Quando escrevo no papel, me recupero. Sou só minha. É tão bom aqui. Um quarto de hotel luxuoso, com banheira de espuma e taça de champanhe — só para mim. Que delícia rolar por esses lençóis macios, calçar minhas pantufas. Sozinha com os meus pensamentos, reclamo dos infortúnios e do que não concordo sem ter meu comportamento saqueado e transformado em moedas de piratas bilionários.
Adultos úteis
Sou otimista, porém irritada. É que se fosse pessimista, nem abriria os olhos. E de olhos fechados para o mundo, eu morro. Não quero morrer. Comecei a fazer crossfit para ganhar massa muscular. Quero me vestir sozinha aos 80, dirigir, comprar flores, montar um vaso bonito na sala. Xingar o machismo e misoginia que seguem. Não aguento mais todas as pessoas do mundo odiando meninas e mulheres. Às vezes, penso em ser mãe, mas lembro como o mundo trata as mães e desisto, com raiva. Melhor esperar até os 40.

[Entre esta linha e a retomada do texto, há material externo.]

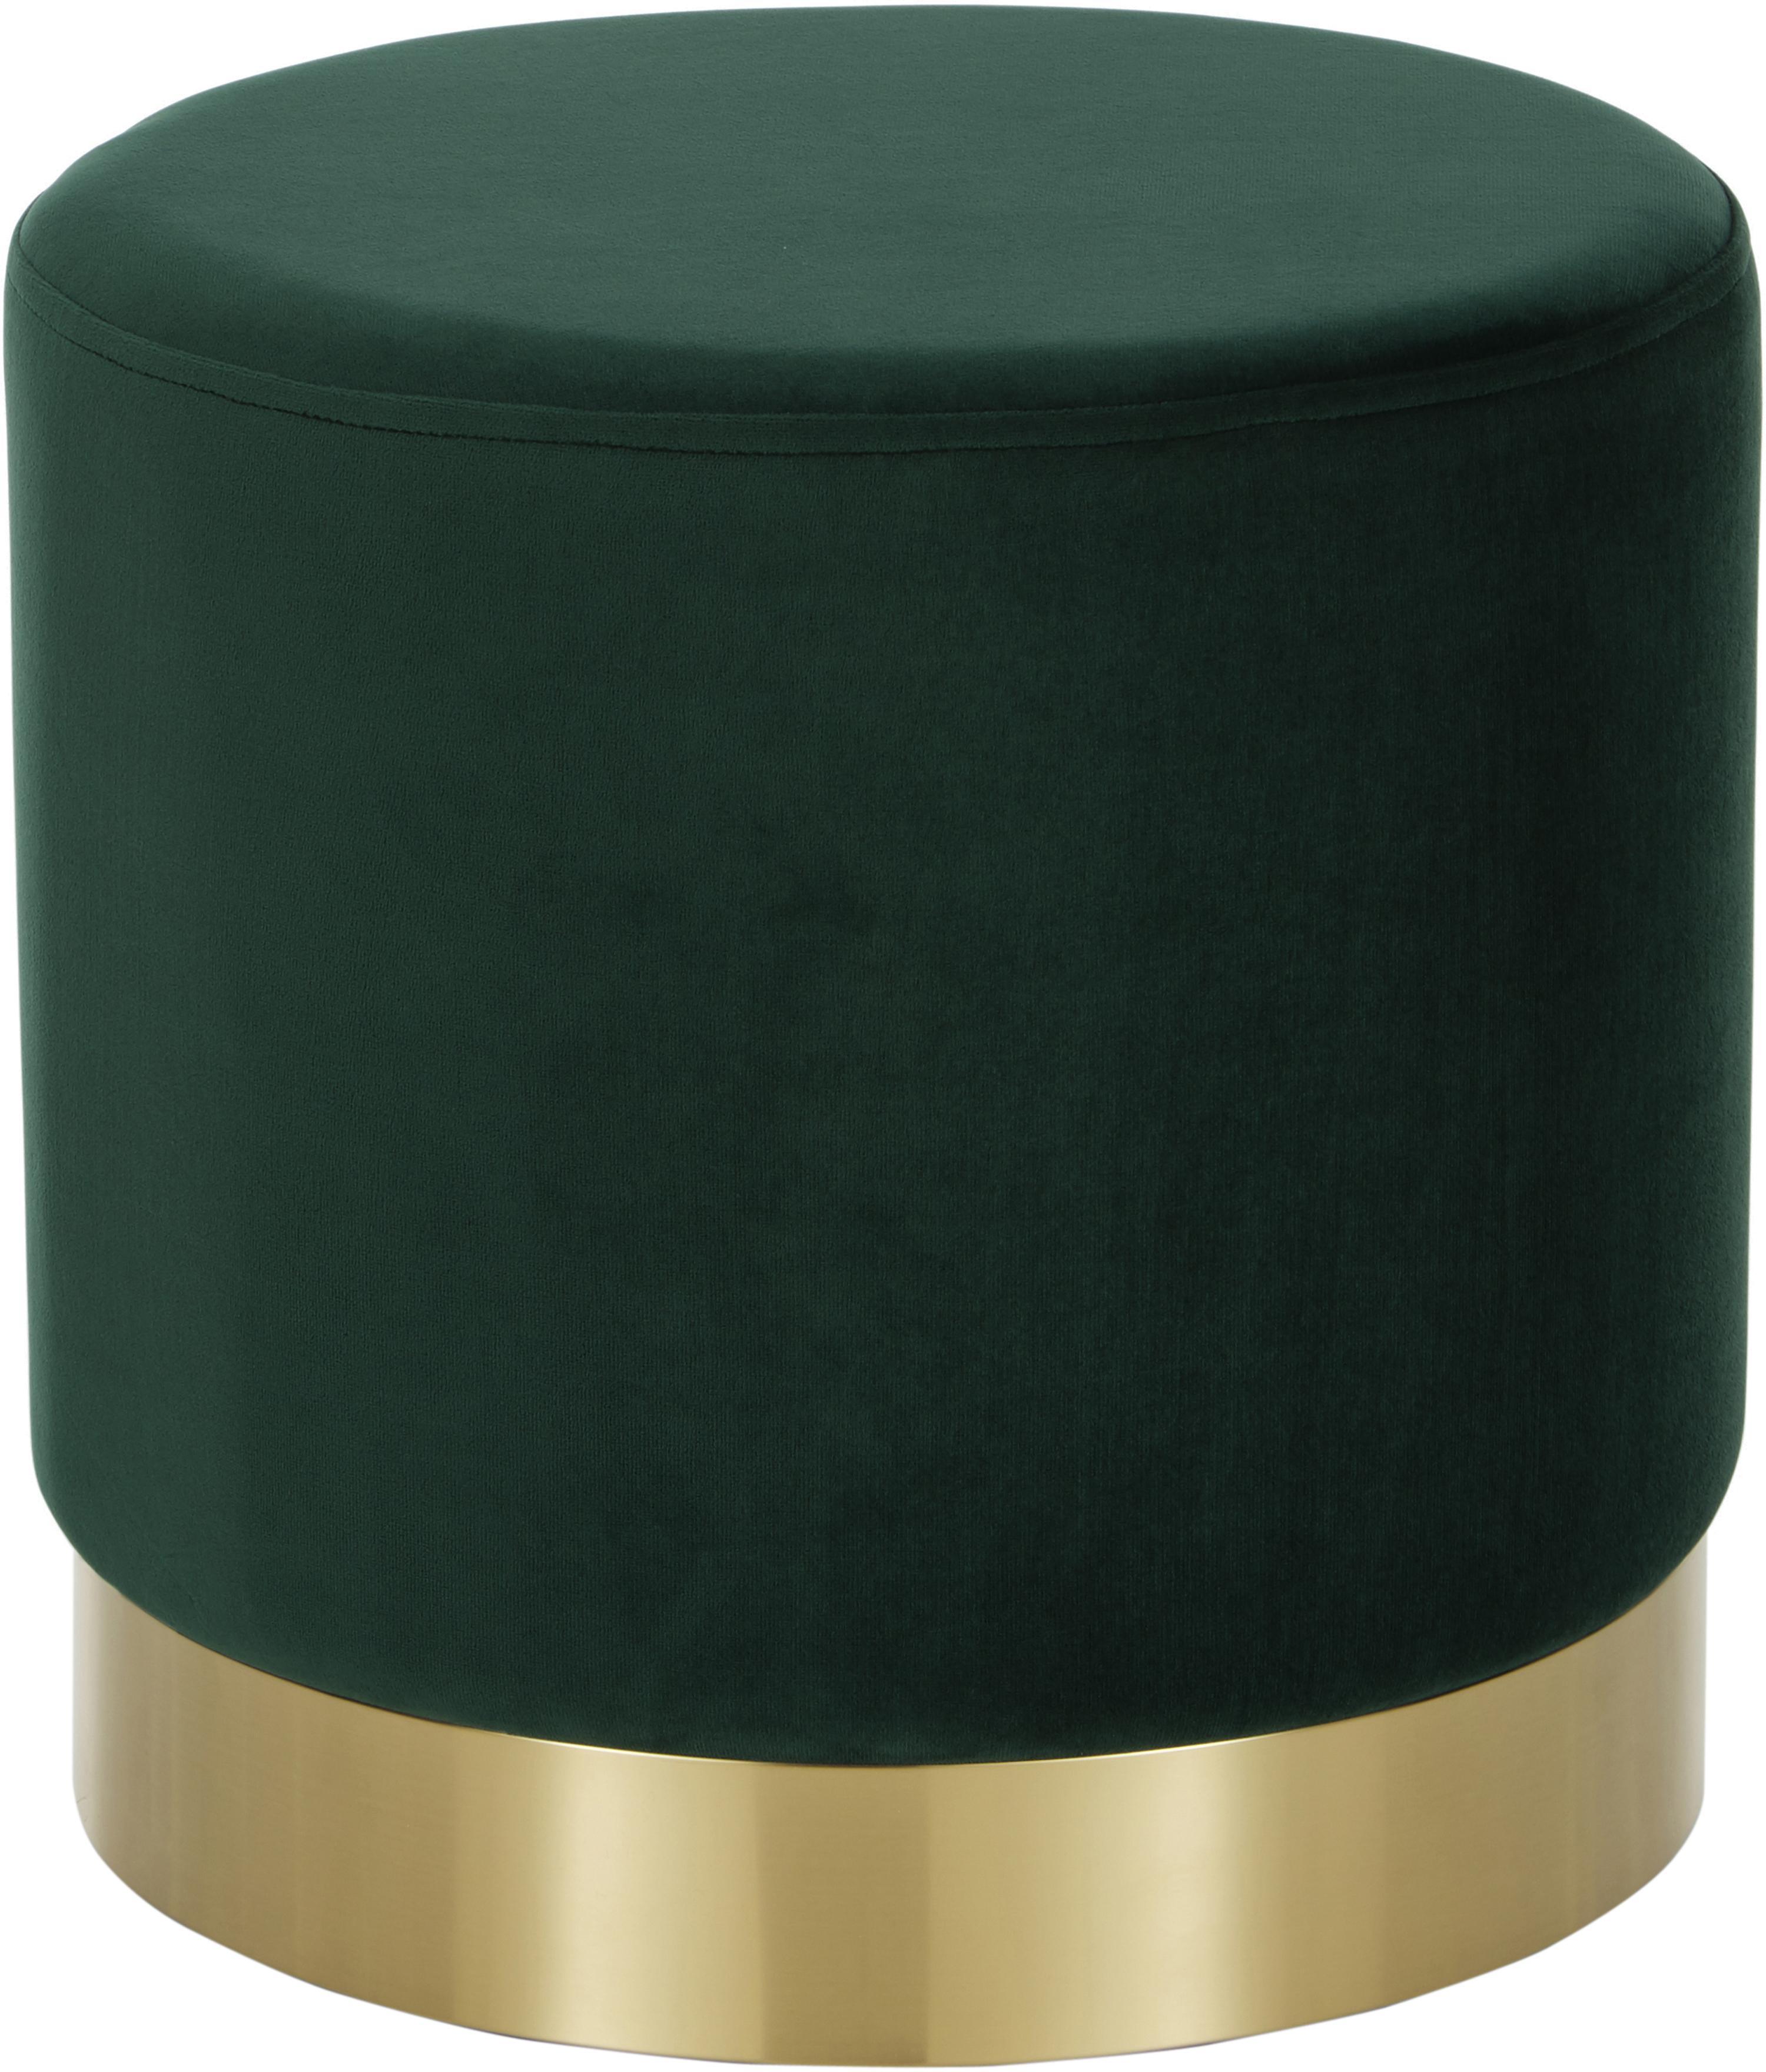 Pouf in velluto Orchid, Rivestimento: velluto (poliestere) Con , Struttura: compensato, Rivestimento: verde chiaro. Base: dorato, Ø 38 x Alt. 38 cm

Dilma disse que a coisa mais importante de um país é o seu povo. Se o povo nasce da barriga de uma mulher, mães deveriam ser os seres mais importantes da nação. Mas o homem tem o papel dele também: gozar. A mulher não precisa gozar para gerar uma vida. Ela só precisa nutrir, carregar no ventre, dar à luz, amamentar o bebezinho. Depois é só alimentar, educar, levar para passear, dar banho, trocar fraldas, levar no médico. Ir à escola quando a criança chuta o amiguinho e conversar com a tia.
A nação pode gozar de mais um adulto útil. As mulheres não precisam gozar.
A mulher precisa gozar.
À leveza
Decidi que quero ser leve e ficou fácil desapegar da textura do tapete da sala. Parei de estudar para concurso público. Não gasto dinheiro com manicure, nem pedicure.
Não compro bota pesada que não cabe.
Mala pequena. O vento quem leva.Coleciono apenas abraços longos e sorrisos largos que são grandes,
mas cabem.
Amiga, fiquei impressionada com nossa sincronia, acabei de programar minha news de amanhã e agora lendo a sua, elas se conversam tanto.... Amo quando isso acontece (ainda mais na aleatoriedade e não apenas inspiração na outra) .
Sabe que antes de ler aqui eu estava com essa frase na cabeça “quanto menos uso rede social” mais eu me conheço. Que curioso. Estou meio irritada esses dias, é que 28 de fevereiro está chegando e esse dia me dá tanta raiva, e me permito sentir, mas dói demais sentir.